Problem description:
The answer must consist only of the lines in the records below from the line with "Joseph Stalin, famous" to the line with "Eton - navy striped polo shirt long sleeved", both included, copied word for word with every picture left out.

━━━ Data provided

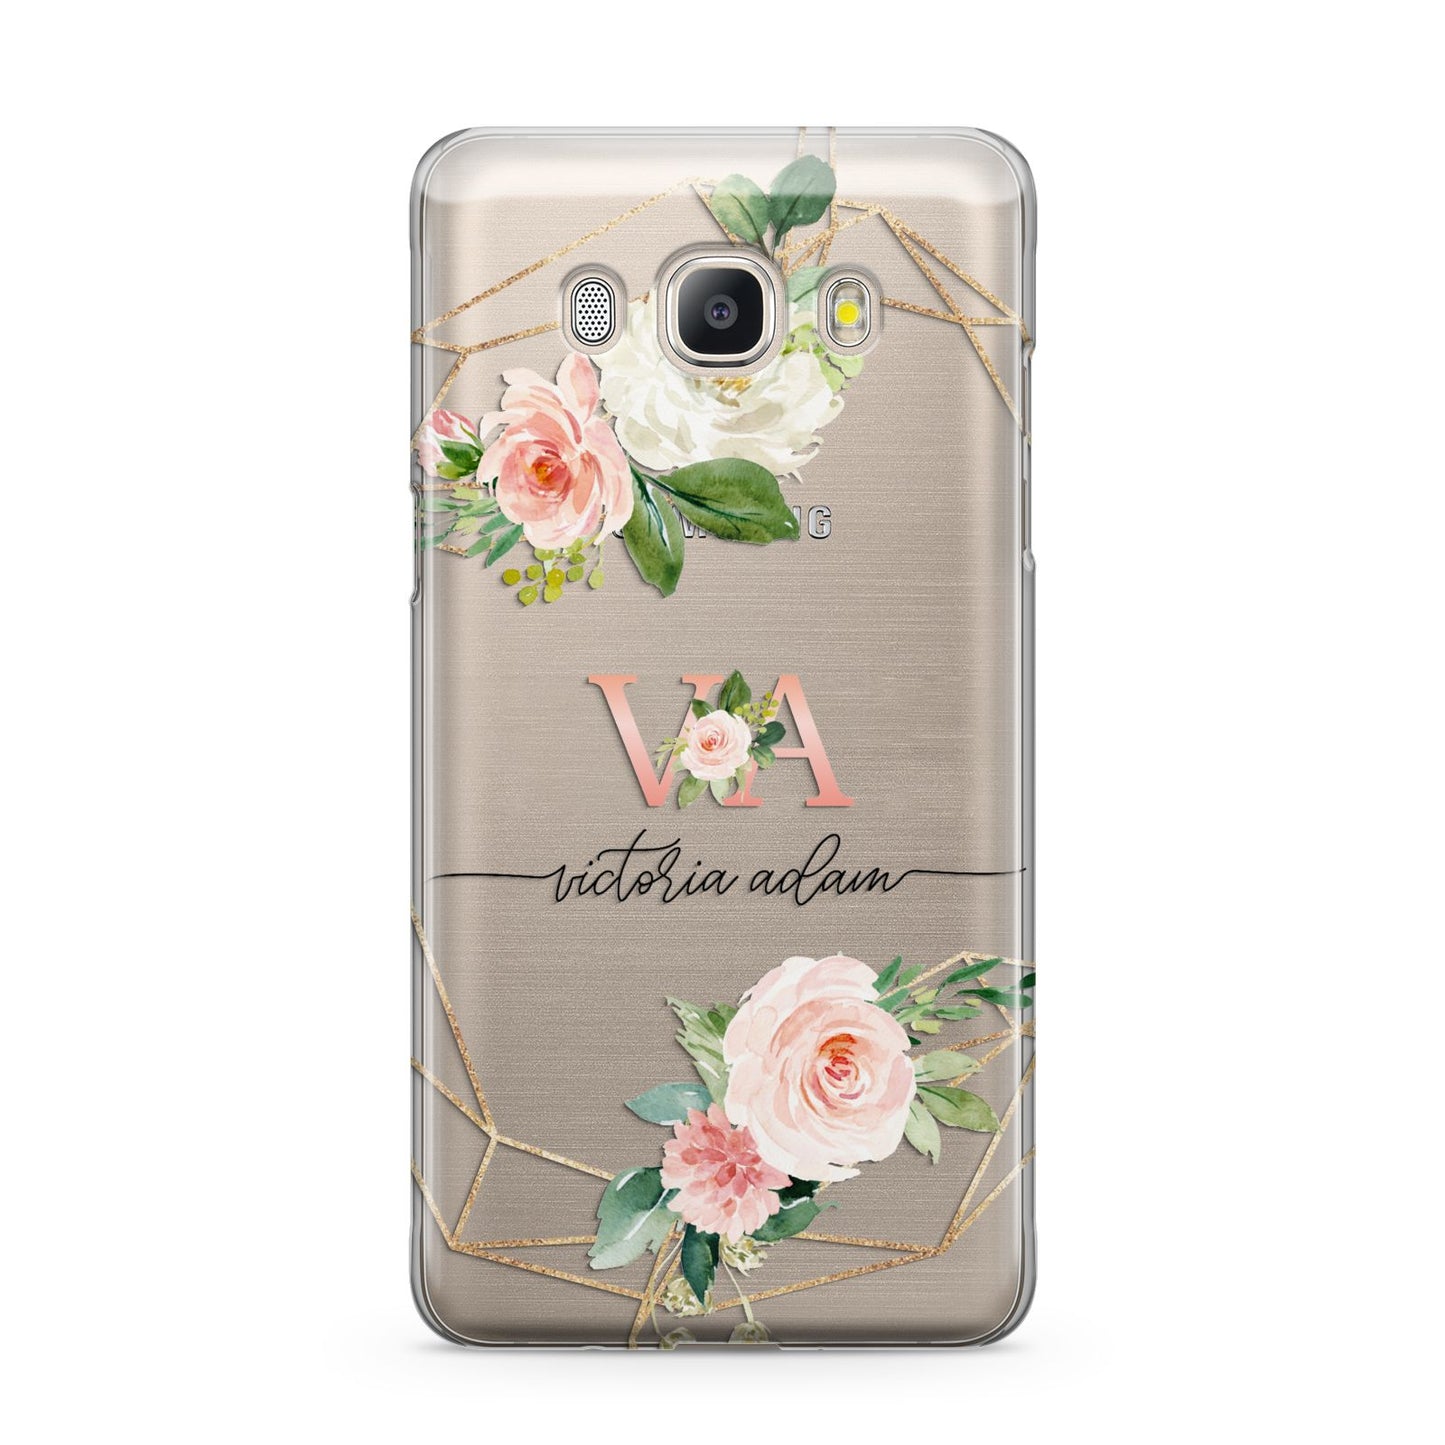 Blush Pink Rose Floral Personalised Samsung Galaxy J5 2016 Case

━━━━━━
━━━ Data provided

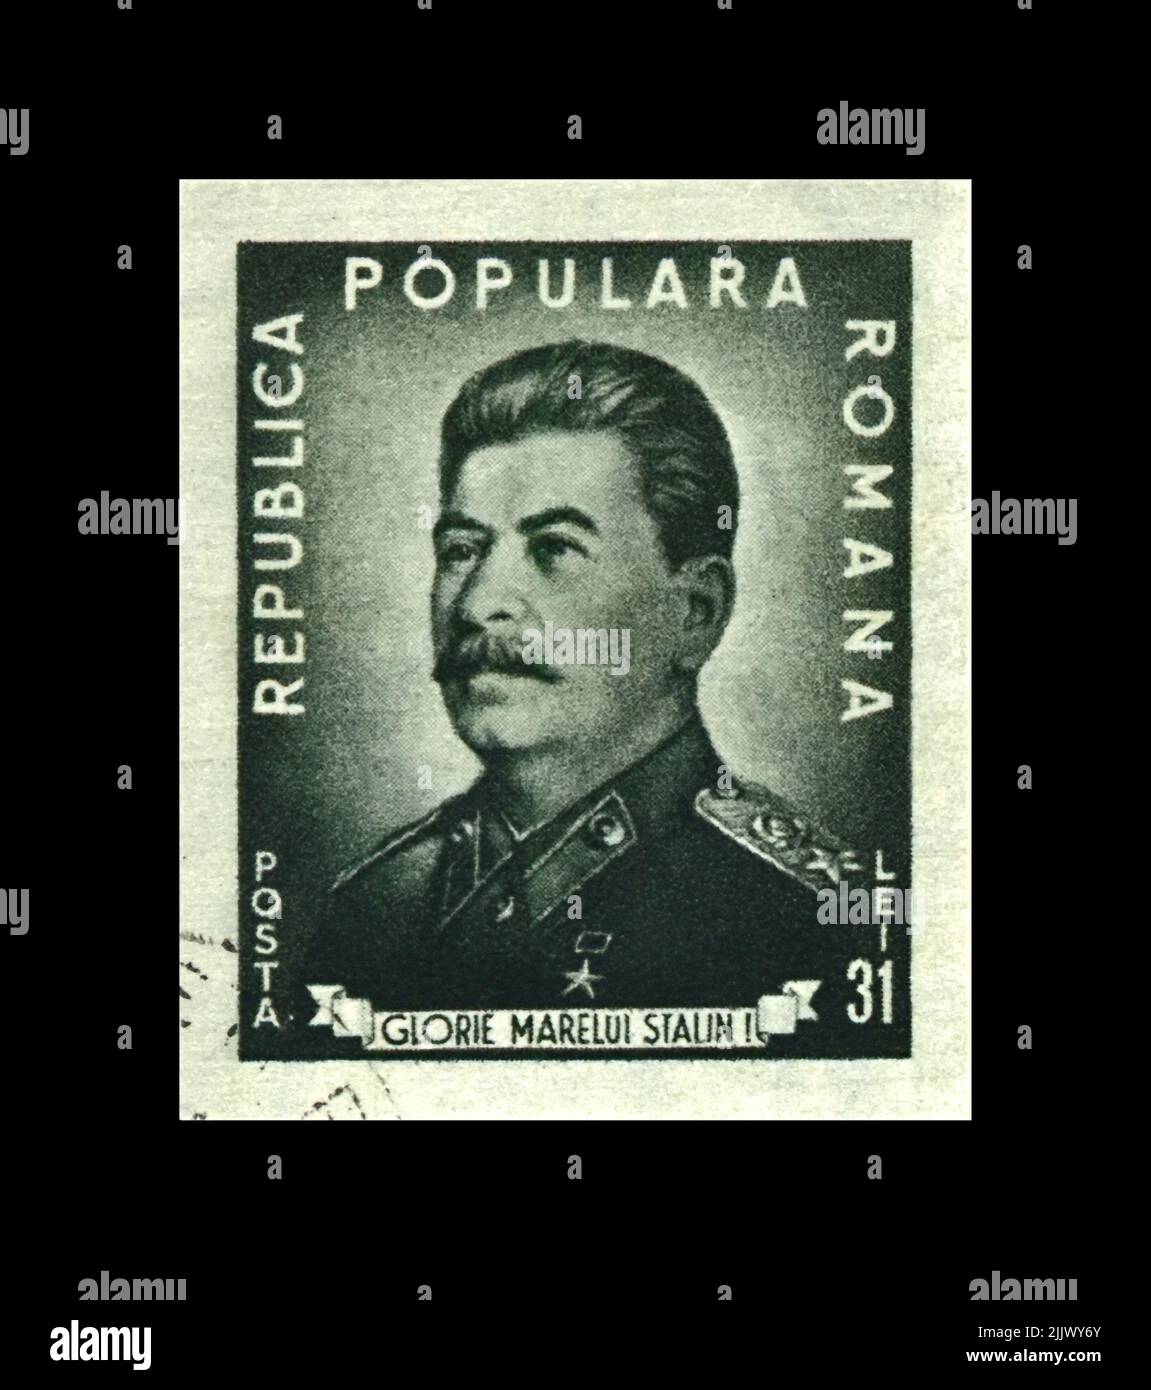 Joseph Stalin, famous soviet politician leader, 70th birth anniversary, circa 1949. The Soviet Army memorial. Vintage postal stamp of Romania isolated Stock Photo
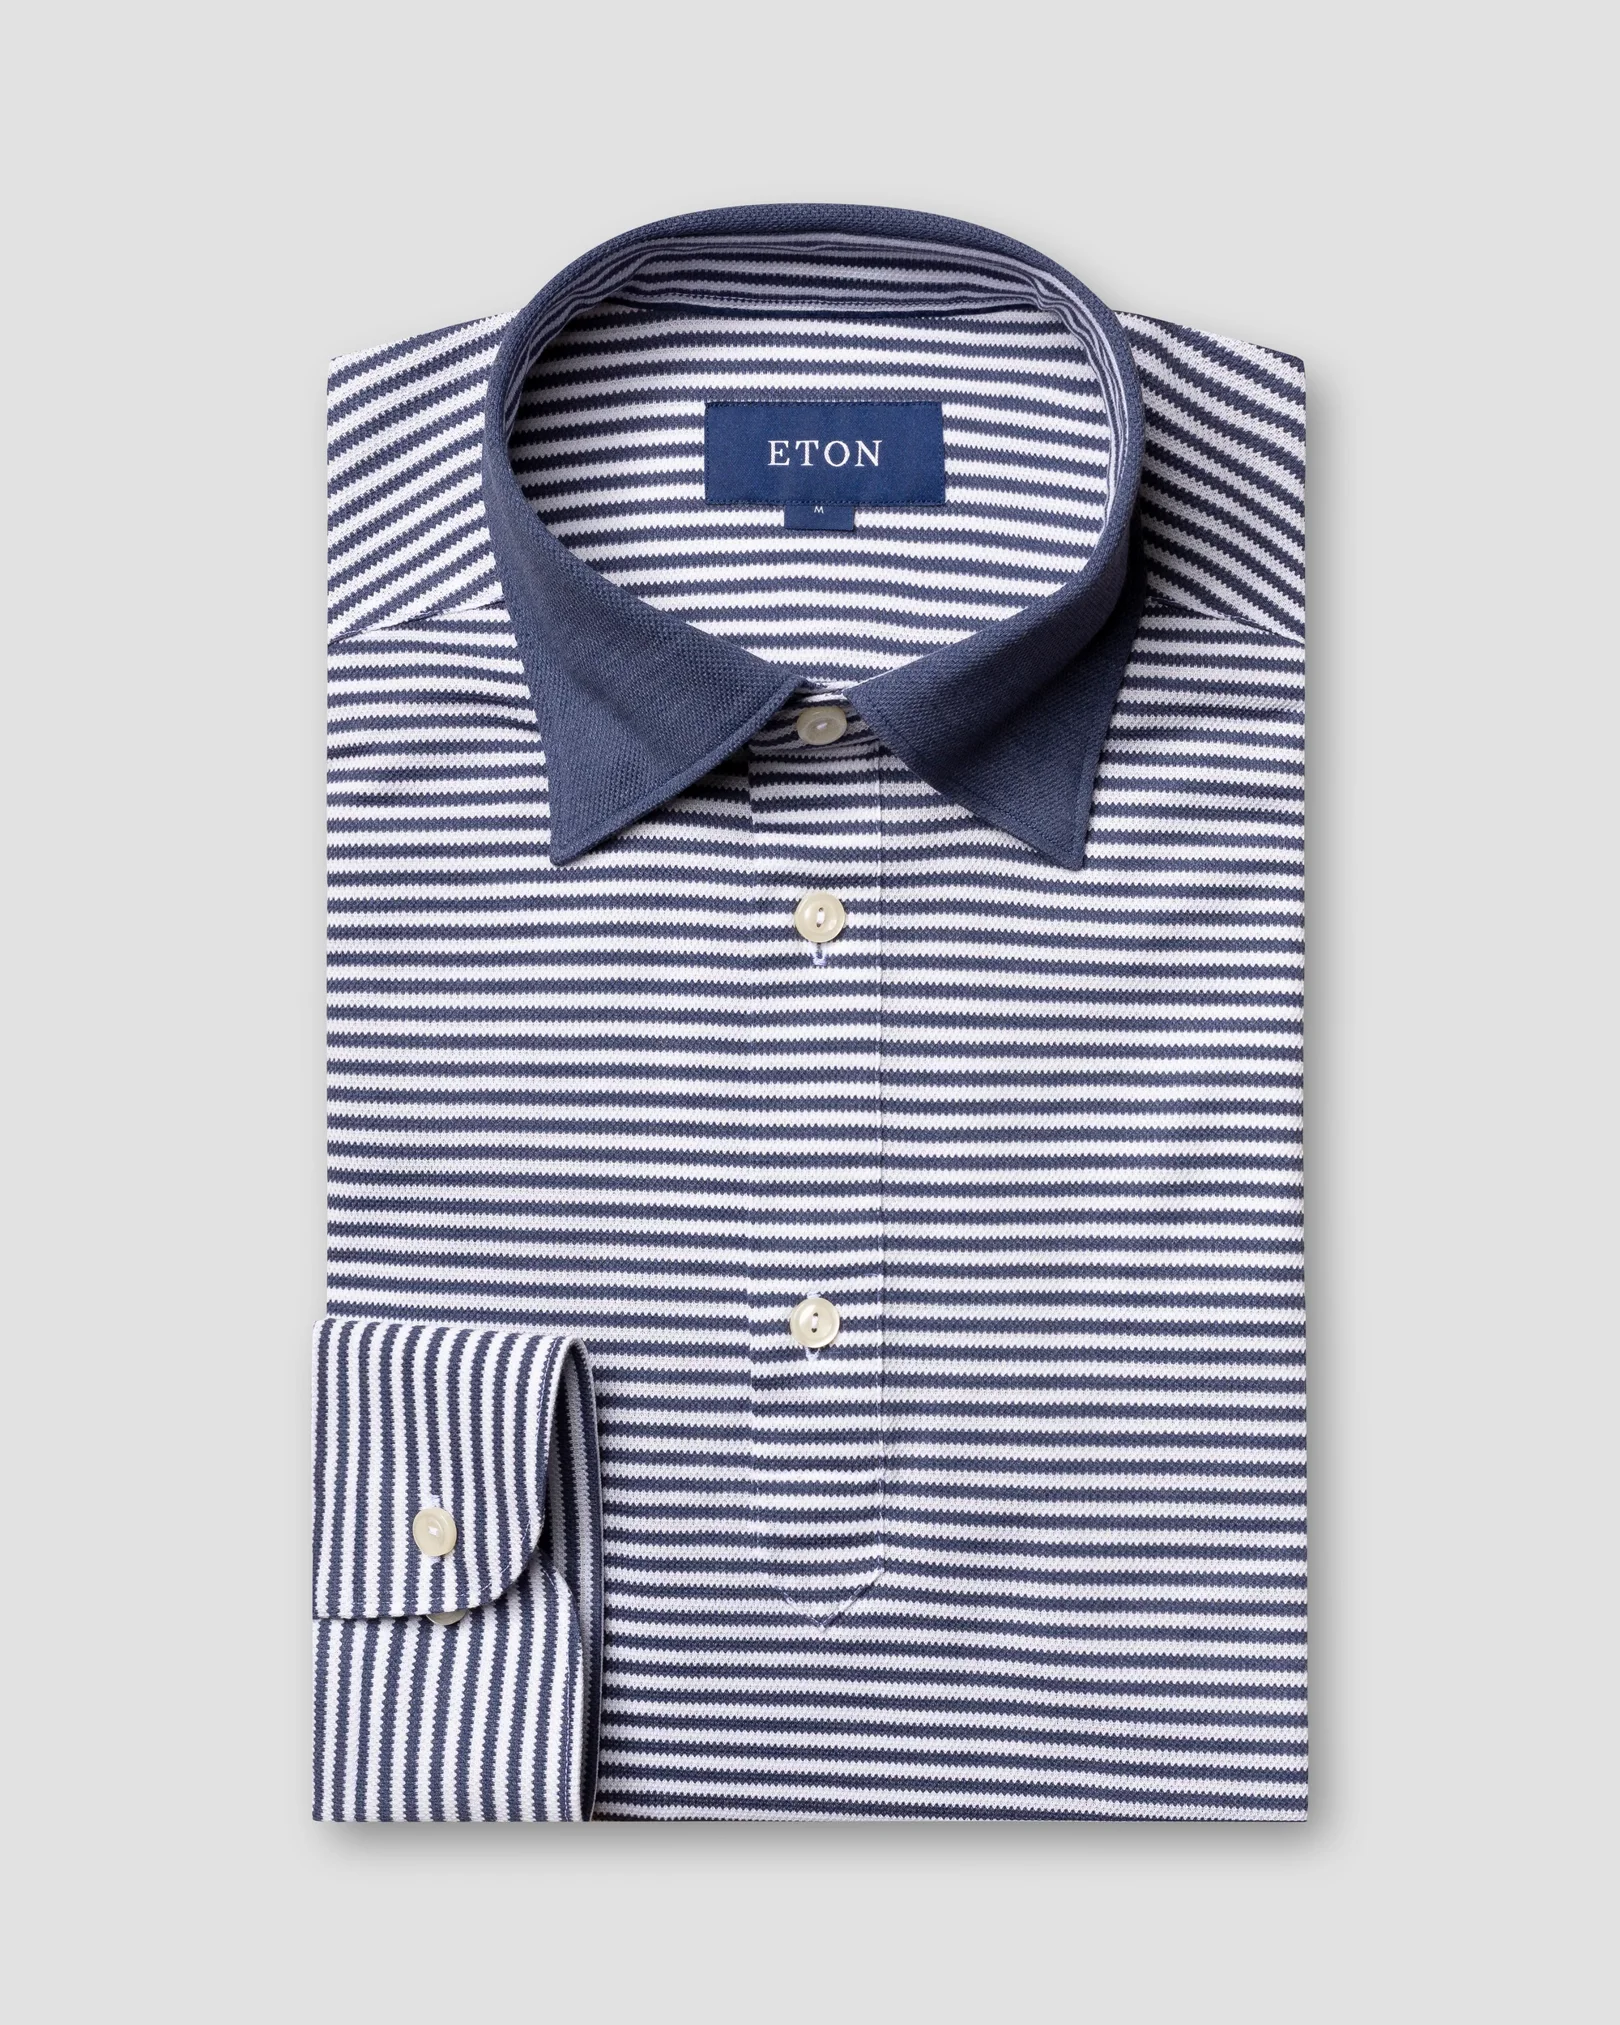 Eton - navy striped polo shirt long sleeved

━━━━━━

Expected answer:
 Joseph Stalin, famous soviet politician leader, 70th birth anniversary, circa 1949. The Soviet Army memorial. Vintage postal stamp of Romania isolated Stock Photo
 Eton - navy striped polo shirt long sleeved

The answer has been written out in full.